* [Data extract]

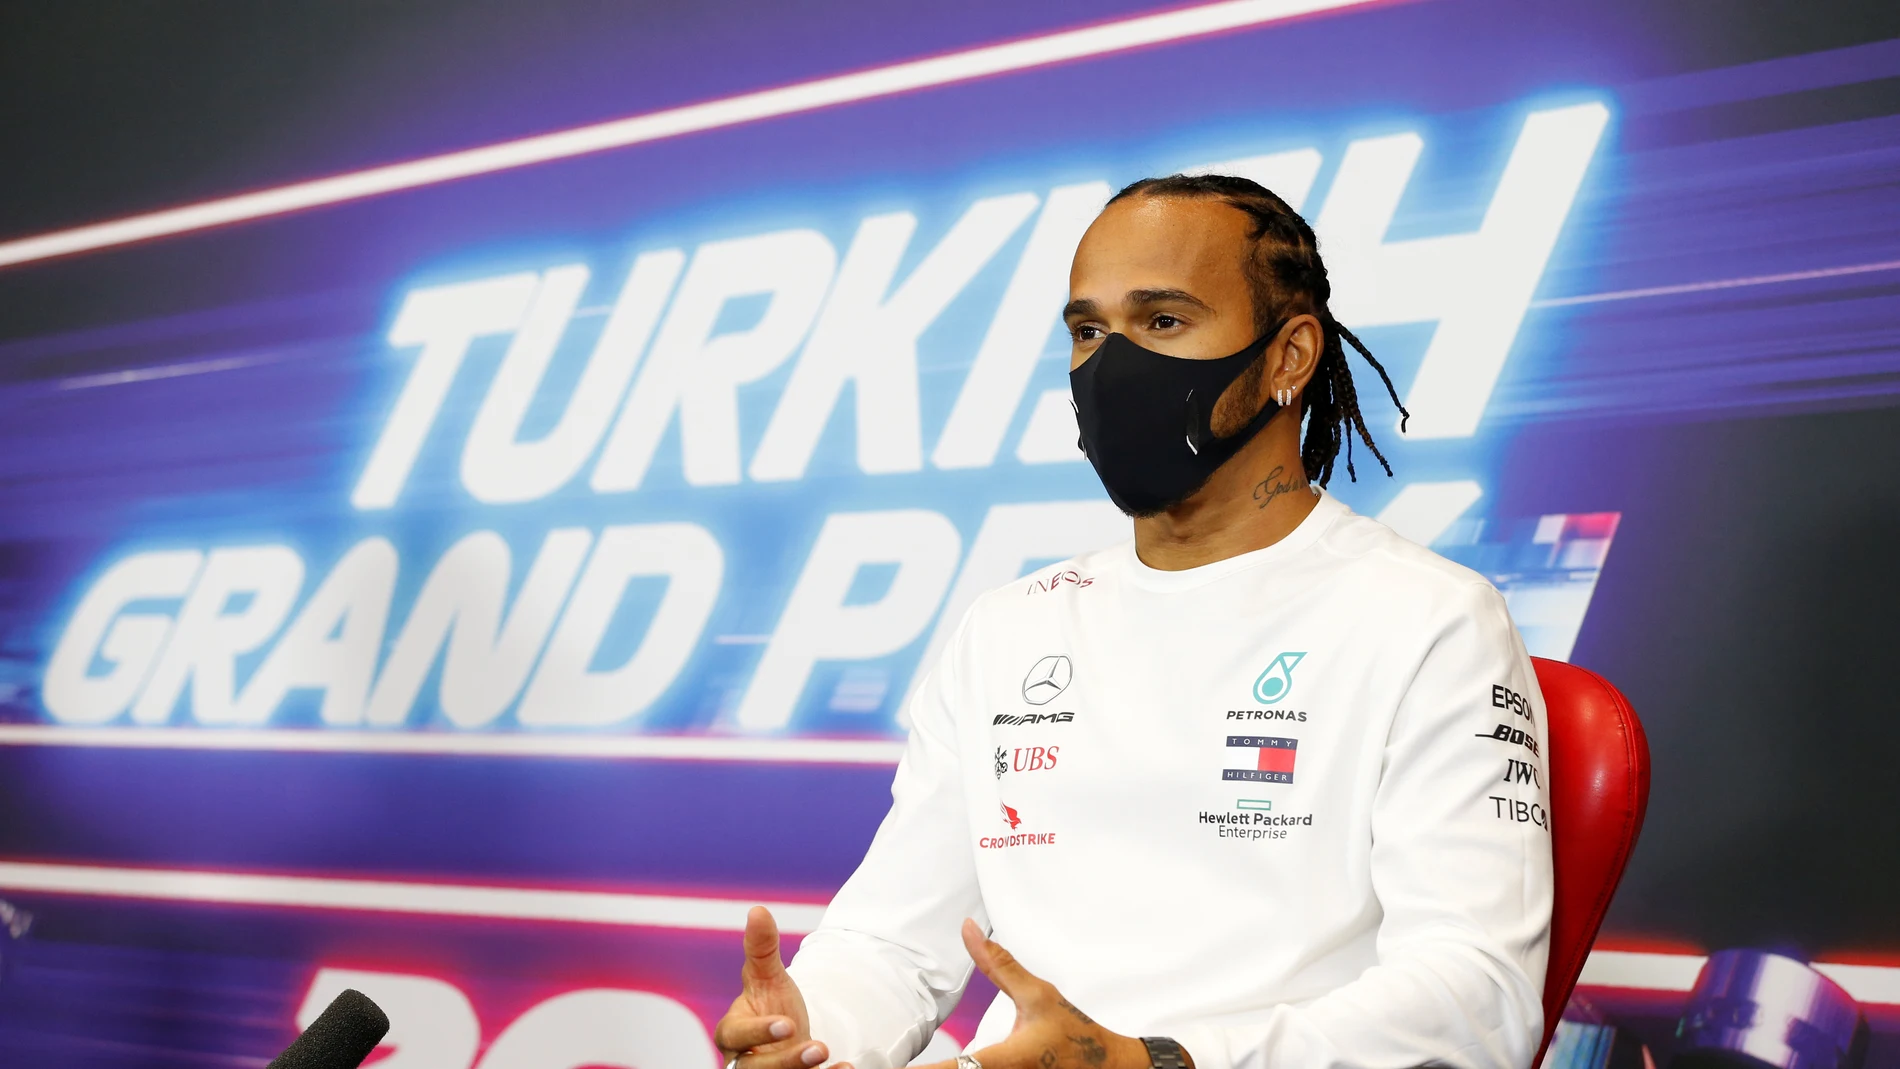 Hamilton en el GP de Turquía
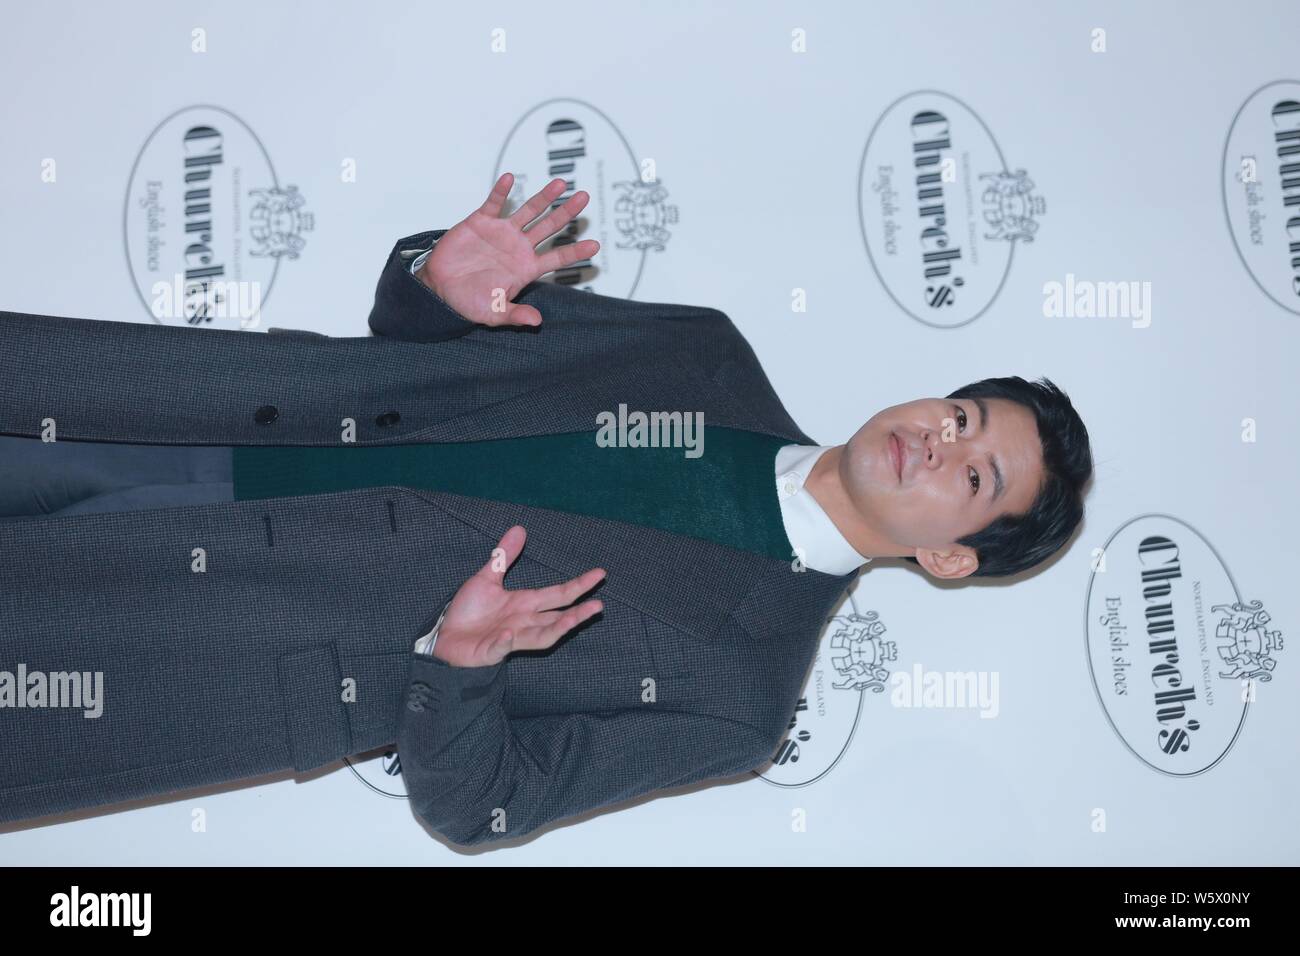 L'acteur sud-coréen Lee Sang-yoon assiste à un événement promotionnel pour l'Église à Séoul, Corée du Sud, le 14 novembre 2018. Banque D'Images
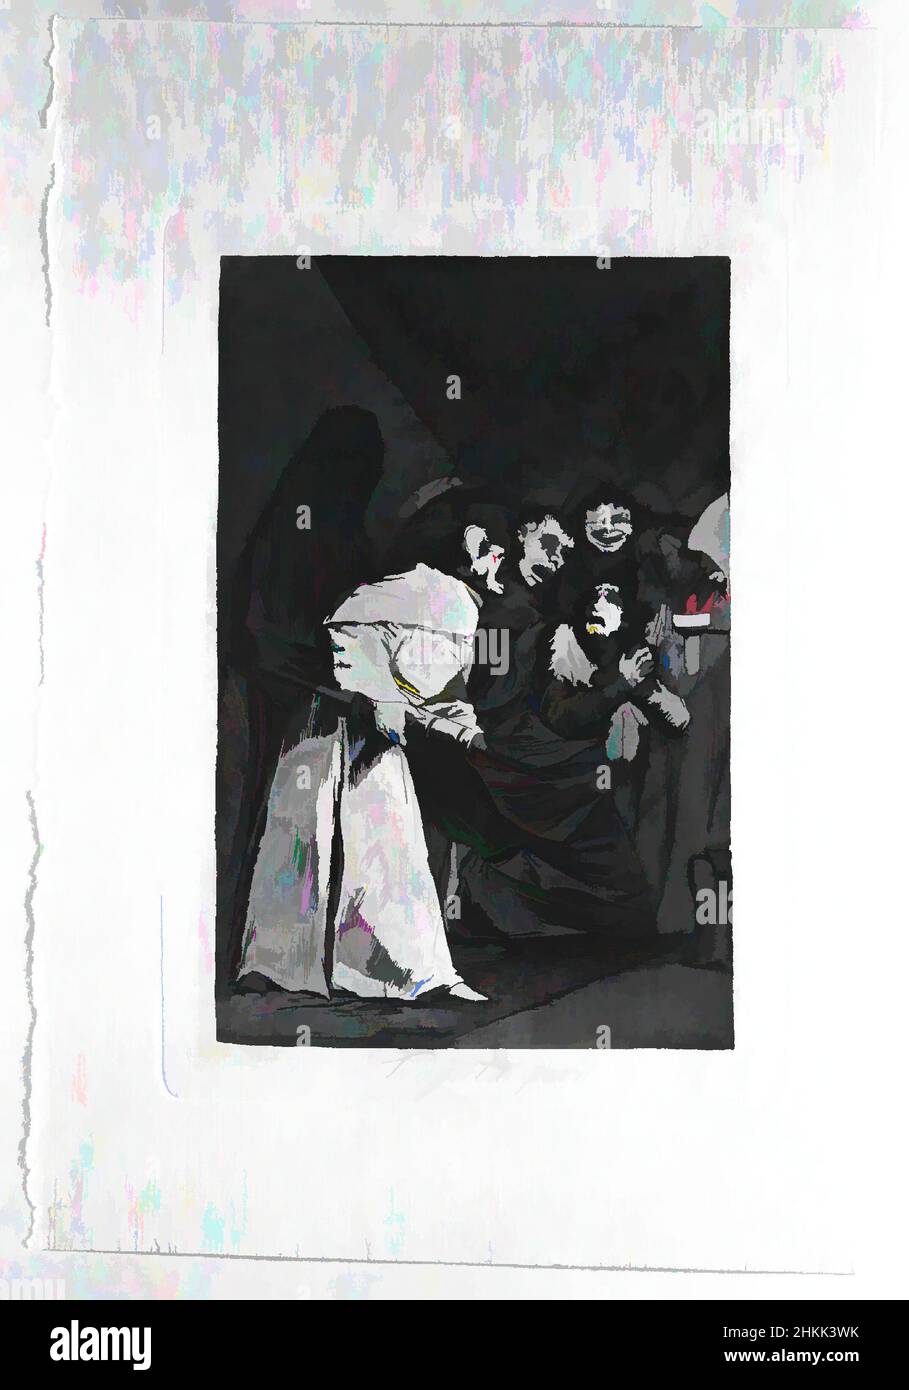 Kunst inspiriert von Swallow IT, Dog, Tragala perro, Los Caprichos, Teller 58, Francisco de Goya y Lucientes, Spanisch, 1746-1828, Radierung und Aquatinta auf gedecktem Papier, Spanien, 1797-1798, Blatt: 11 7/8 x 7 15/16 Zoll, 30,2 x 20,2 cm, Aquatinta, Gravieren, Radieren, Drucken, Satire, Satire, Spanien, Klassische Werke, die von Artotop mit einem Schuss Moderne modernisiert wurden. Formen, Farbe und Wert, auffällige visuelle Wirkung auf Kunst. Emotionen durch Freiheit von Kunstwerken auf zeitgemäße Weise. Eine zeitlose Botschaft, die eine wild kreative neue Richtung verfolgt. Künstler, die sich dem digitalen Medium zuwenden und die Artotop NFT erschaffen Stockfoto

* [Activity] What you produce must match the listing word for word, with no images in it.

* [Exercise response]
 Hamilton en el GP de Turquía
 L'acteur sud-coréen Lee Sang-yoon assiste à un événement promotionnel pour l'Église à Séoul, Corée du Sud, le 14 novembre 2018. Banque D'Images
 Kunst inspiriert von Swallow IT, Dog, Tragala perro, Los Caprichos, Teller 58, Francisco de Goya y Lucientes, Spanisch, 1746-1828, Radierung und Aquatinta auf gedecktem Papier, Spanien, 1797-1798, Blatt: 11 7/8 x 7 15/16 Zoll, 30,2 x 20,2 cm, Aquatinta, Gravieren, Radieren, Drucken, Satire, Satire, Spanien, Klassische Werke, die von Artotop mit einem Schuss Moderne modernisiert wurden. Formen, Farbe und Wert, auffällige visuelle Wirkung auf Kunst. Emotionen durch Freiheit von Kunstwerken auf zeitgemäße Weise. Eine zeitlose Botschaft, die eine wild kreative neue Richtung verfolgt. Künstler, die sich dem digitalen Medium zuwenden und die Artotop NFT erschaffen Stockfoto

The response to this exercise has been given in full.